The place? Blarney Castle. The saliva-coated rock? The Blarney Stone, a hunk of limestone with a sordid history and the propensity for attracting more than three hundred thousand visitors a year. Rumor has it anyone who locks lips with the magical stone will find themselves endowed with “the gift of gab”—the ability to talk and charm their way out of just about anything.

I’m not entirely sold on the gab bit, but I do know two things the Blarney Stone is excellent for: communal herpes of the mouth and discussions about rejection. Let’s delve into rejection, shall we?

Because you’re a human and because you’re alive, I’m going to assume that you’ve faced your own Blarney moment. A time when you’ve put yourself out there—vulnerable, dangling—but instead of the blessed reciprocity your heart yearned for, all you got was a slimy stone that did not in fact create any oratorical prowess.

Been there. And I know exactly how that feels. I also know it’s tempting to believe that you’re the only person who’s been left hanging. But you’re not. Oh, you’re not. In fact, the pain of rejection is so common, it’s served as the inspiration for roughly half of history’s art (and, I would argue, acts of lunacy). And yet when it happens to you, it feels like something brand-new. Like the world has cooked up the worst thing it could think of and then called you in for dinner.

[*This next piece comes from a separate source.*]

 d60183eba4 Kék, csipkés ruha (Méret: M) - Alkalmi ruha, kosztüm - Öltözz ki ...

That’s love for you. Universal and yet so damn personal. Solidarity, sister. Anyone who hasn’t gotten hurt is either a liar or a robot, and we all know that liars and robots make for terrible friends. Also, robot uprisings. Can we talk about the fact that we don’t talk about them enough?

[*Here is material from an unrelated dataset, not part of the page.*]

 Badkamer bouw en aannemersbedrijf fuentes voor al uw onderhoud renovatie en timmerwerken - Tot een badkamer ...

HEARTACHE HOMEWORK: You know what you’re going to have to do, don’t you, pet? Climb the castle, plunge into a gaping hole, and kiss the damn stone. Embrace the communal germs. They’re there to remind you that you are not alone.

—Excerpt from Ireland for the Heartbroken: An Unconventional Guide to the Emerald Isle, third edition

AS USUAL, IRELAND HAD NO interest in keeping to our time frame. Roadwork cluttered the road into Blarney—mostly construction workers yelling jovially to one another as they set up unnecessary-looking traffic cones. The castle wasn’t much better. The site was stuffed full of tourists and the variety of ways they’d gotten themselves there.